A mother unburdens a story of past romance to her troubled daughter for no good reason.
Adrienne Willis is a middle-aged mother with three kids who, not surprisingly, finds herself in an emotional lurch after her husband dumps her for a younger, prettier thing. Needing to recharge her batteries, Adrienne takes a holiday, watching over her friend’s small bed-and-breakfast in the North Carolina beach town of Rodanthe. Then Dr. Paul Flanner appears, himself a cold fish in need of a little warming up. This is the scene laid out by Adrienne to her daughter, Amanda, in a framing device of unusual crudity from Sparks (A Bend in the Road, 2001, etc.). Amanda’s husband has recently died and she hasn’t quite gotten around to figuring out how to keep on living. Imagining that nothing is better for a broken heart than somebody else’s sad story, Adrienne tells her daughter about the great lost love of her life.

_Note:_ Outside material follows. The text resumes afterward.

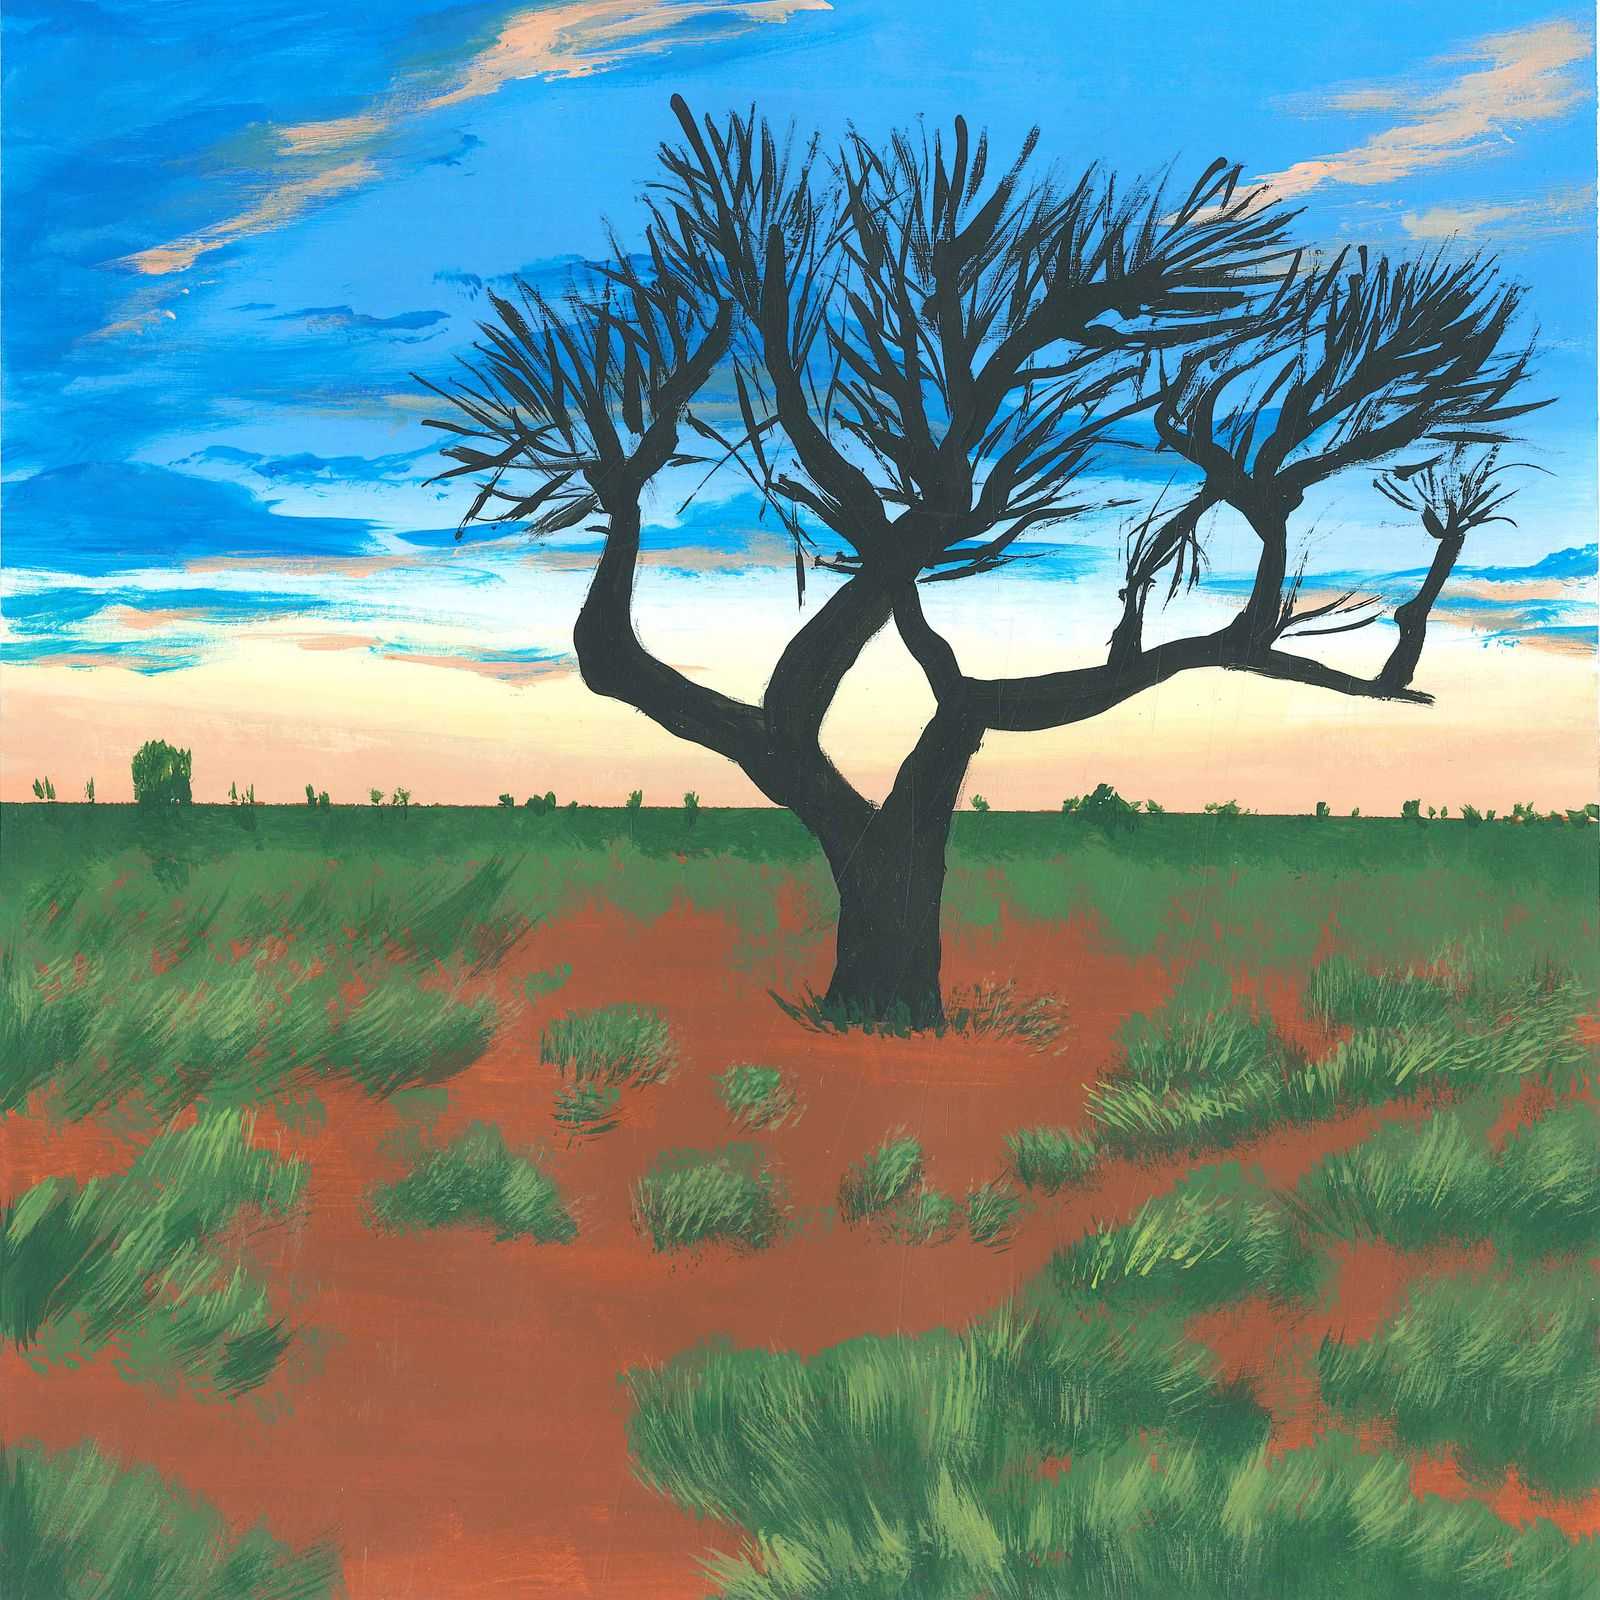 Dry Creek Bed in the Outback - nature soundscape - earth.fm

Paul came to Rodanthe in order to speak with the bereaved family of a woman who had just died after he had operated on her. Paul, of course, was not to blame, but still he suffers inside. Add to that a recent divorce and an estranged child and the result is a tortured soul whom Adrienne finds absolutely irresistible. Of course, the beach, an impending storm, the fact that there are no other visitors around, a roaring fireplace, and any number of moments that could have been culled from a J. Crew catalogue and a Folgers’s commercial make romance just about inevitable. Sparks couldn’t be less subtle in this harshly mechanical story that adheres to formula in a way that would make an assembly-line romance writer blush.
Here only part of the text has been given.